# get rid of ip address 169.254._._ in xp



## merceda

how to get rid of the ip address 169.254._._ in windows. tried the ipconfig /release command and no luck, installed different network card and still didn't clear this address. is there any other way beside re-installing windows.....help


----------



## Monstrous Mi

Go to TCP/IP>Properites. Does it say "Automatically Obtain IP Address"? If it does, then every time you get on the Internet, whatever ISP you are using is assigning that address again after you /Release it.

What exactly are you trying to do?


----------



## coulterp

Where to start? You don't really give enough information. The IP address you are getting happens when the NIC cannot contact a DHCP server (and Windows allocates the 169.254. address as a "fix" to allow local networking.

So do you have a DHCP server (typically hardware router, or Microsoft software router ICS) on the network. 
If no ... there you are then! 
If yes then the problem could be various things (faulty NIC, faulty cable, faulty cable connectors, NIC not seated well in PC, etc, etc, etc). In the absence of further information it's hard to take it any further at the moment.


----------



## pinger

The reason why this is occuring is because you probably don't your NIC Cable plugged in to a router or you don't have a Static IP setup. But I agree with above not enough information to troubleshoot. Here is some stuff for you reading pleasure.

Getting a 169.x on a windows system is a feature of Automatic Private IP Addressing.

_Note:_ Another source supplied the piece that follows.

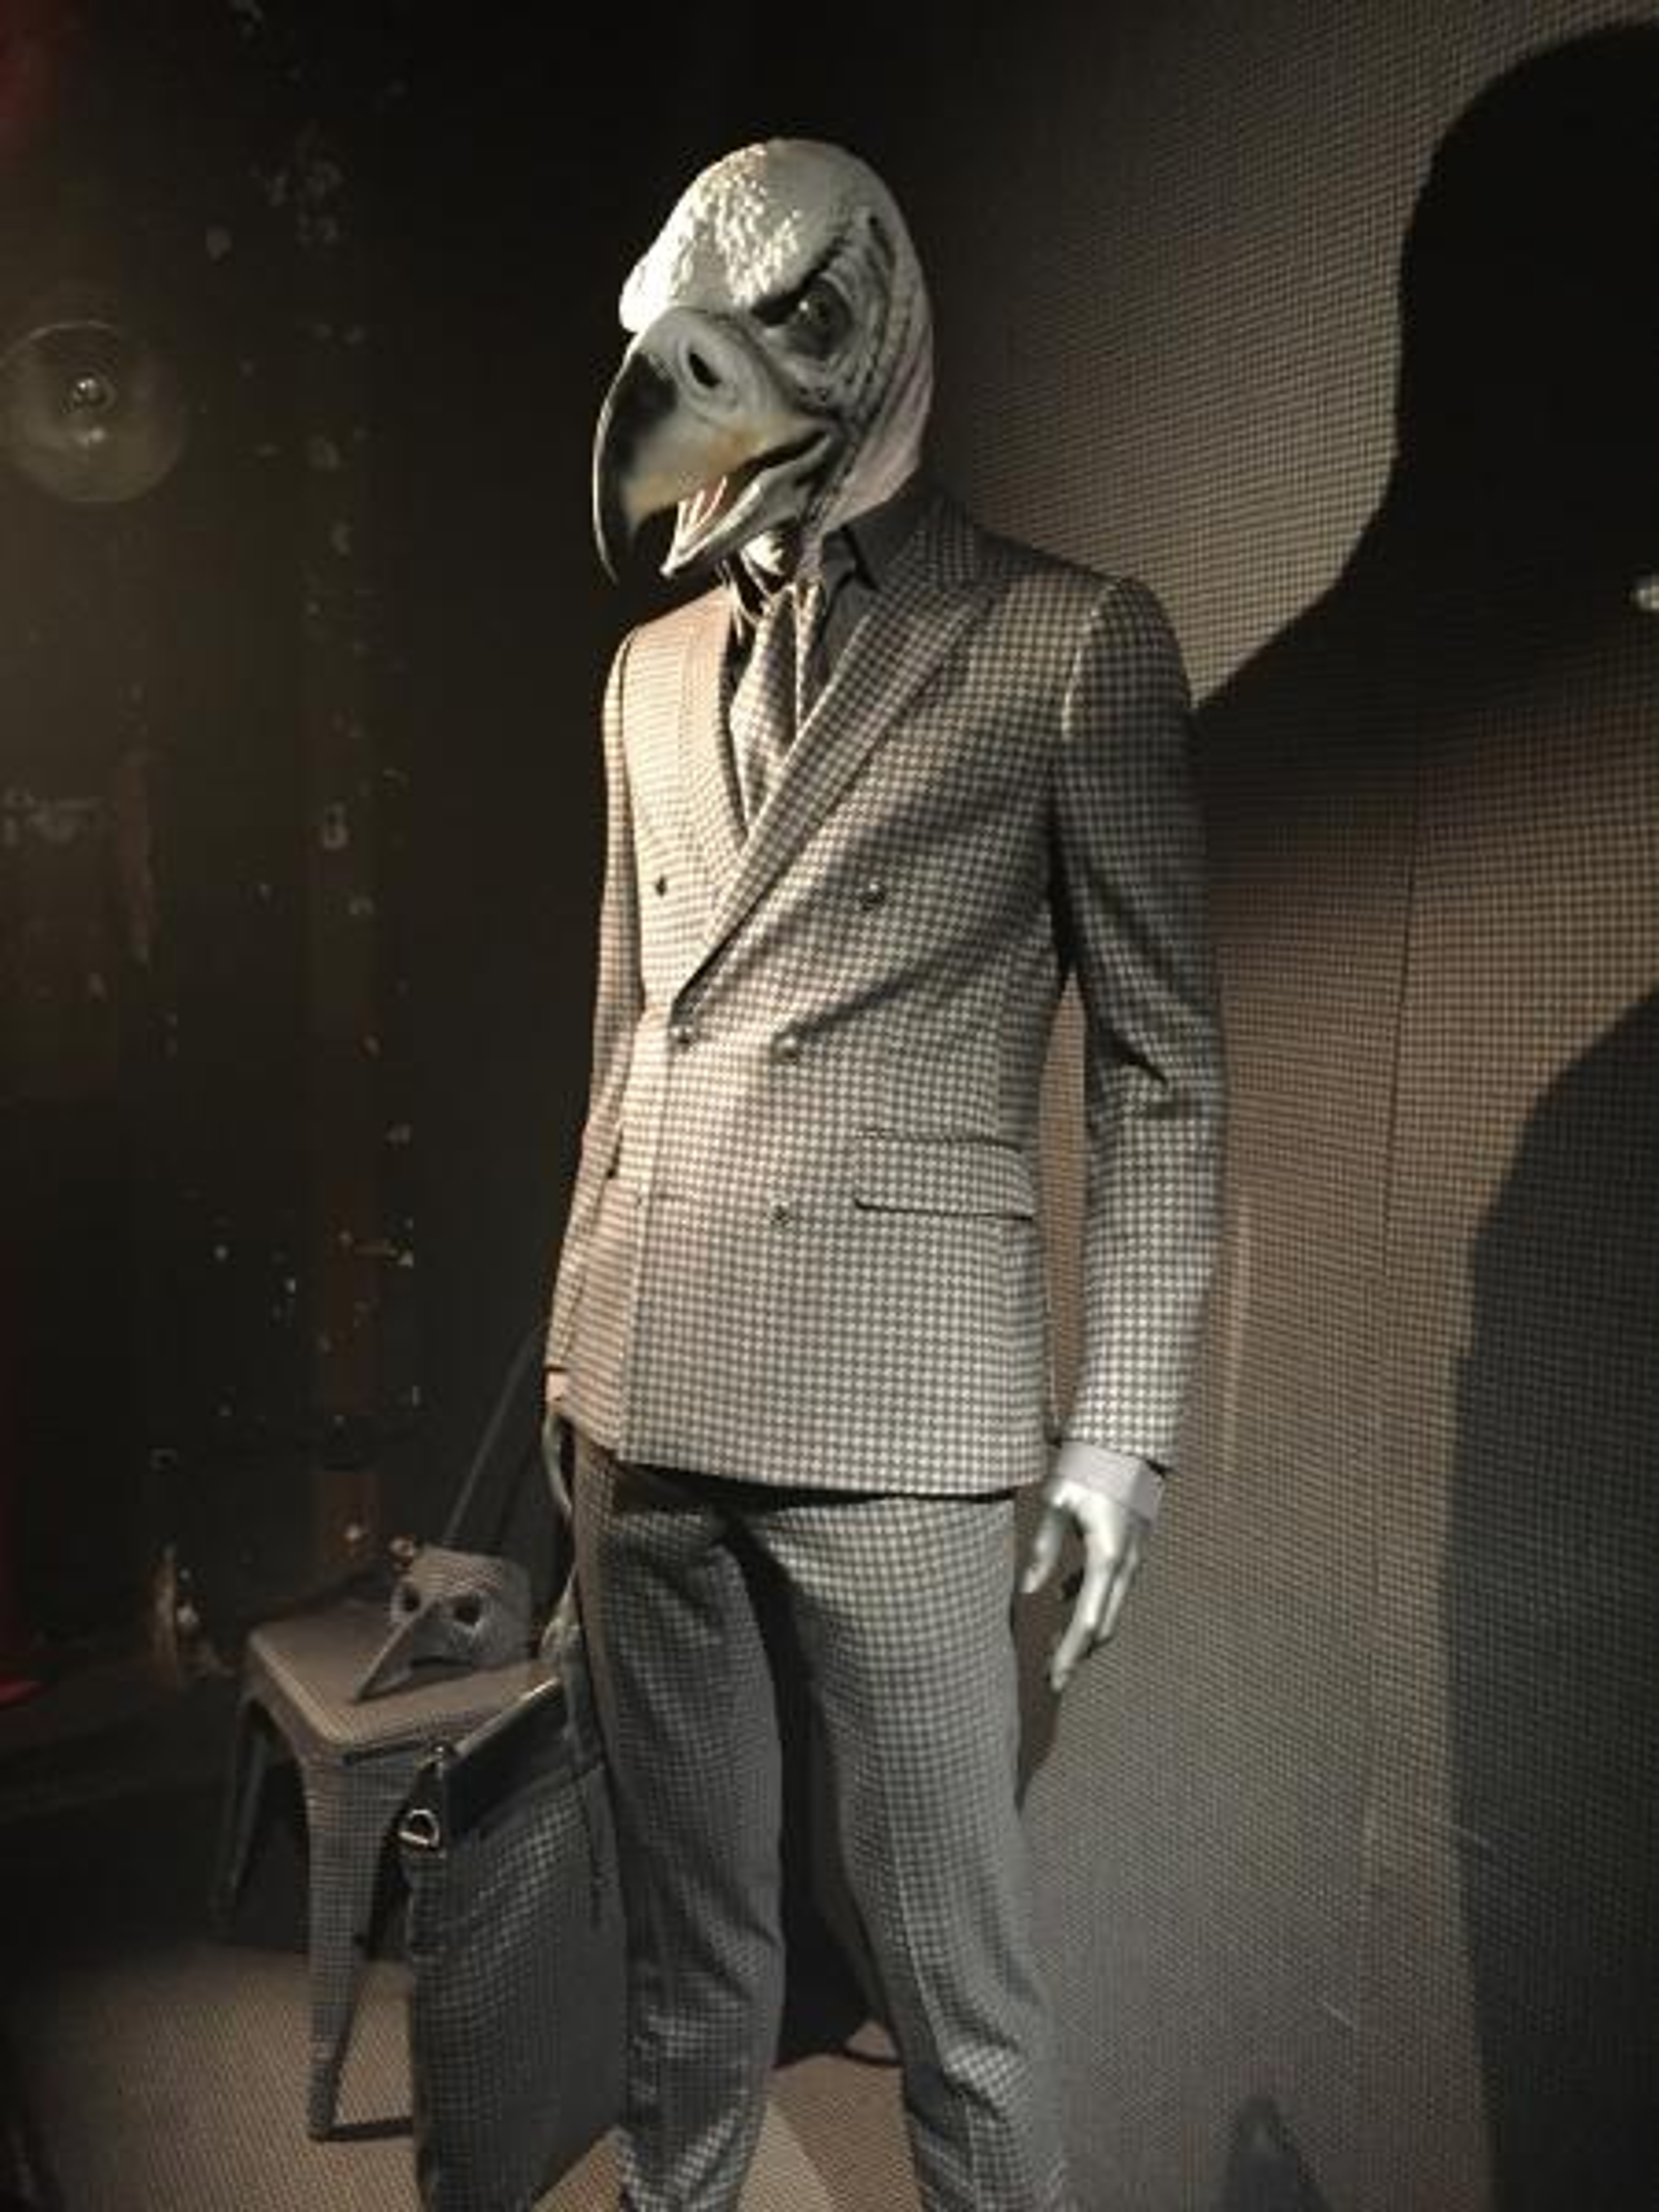 A mannequin in an animal mask wears designer John Varvatos' Men's Fall/Winter 2016 fashion.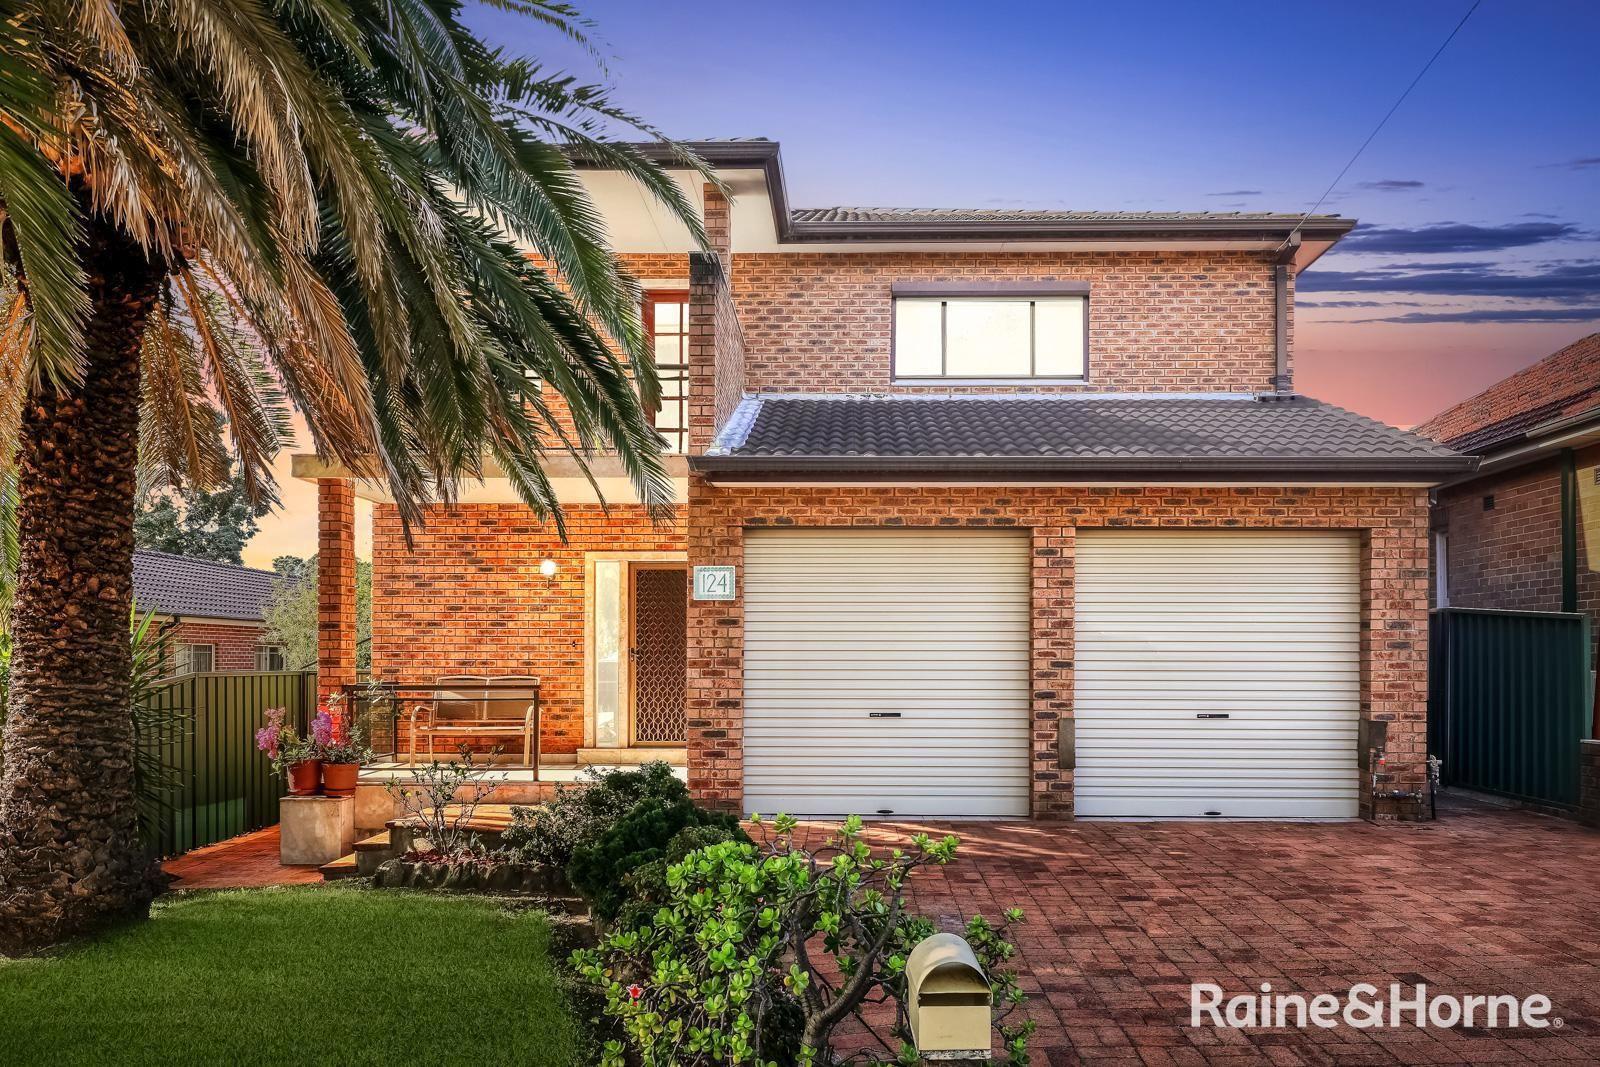 124 Staples Street, Kingsgrove NSW 2208, Image 0

To Disable this feature in Windows XP:

To disable APIPA by editing the registry

1. You do this by adding the registry entry IPAutoconfigurationEnabled with a value of 0 (REG_DWORD data type) in the following subkey: 
HKEY_LOCAL_MACHINE\SYSTEM\CurrentControlSet\Services\Tcpip\Parameters\Interfaces\interface-n ame

2. Use the registry editor Regedit.exe to add the above entry, and then restart the computer.


----------



## plucnik

If your sure all is working correctly (the network is up, the PC is connected to the hub etc).............I've had this problem from time to time and I've tried this first. Try entering a static IP and primary DNS (secondary not needed) in the NIC's properties and rebooting. This might "reinitialize" the NIC. After a day or so, try setting the IP properties back to automatic. I admit, it's a "work around" but it seems to work at times.


----------



## merceda

the system is connected to a LinkSys router, and I'm on cable modem, and windows is configured for dhcp setting, it was working fine, when I left for a while, I couldn't get back on my Internet. Tried to ping my router and didn't get any response. that's when i noticed my ip address changed to 169.254._._, and I couldn't release it. did try to put in static ip address, but I did not stay with it for more than a day. left the sytem running over a day with a dhcp setting, and still did not change. I will try set it up with a static ip for a day or so and see what happens......


----------



## plucnik

hmmmmmm.....Windows is the DHCP server. I assume that you have more than one PC because you have a router as well as a cable modem. I don't have cable internet so I'm guessing but does the modem have any settings? The router should have a default IP to enter it's interface. What I'm fishing for is it may be a conflict between the Windows DHCP server and maybe the router or modem doing the same thing. Now how does something like that all by itself? Who knows...I've seen crazier things. Just a idea, if it's a small home network, it's probably easier and less complicated to have the router use it's DHCP server instead of using Windows DHCP.


----------



## Bob Cerelli

It didn't sound like Windows was the DHCP server but rather "windows is configured for dhcp setting".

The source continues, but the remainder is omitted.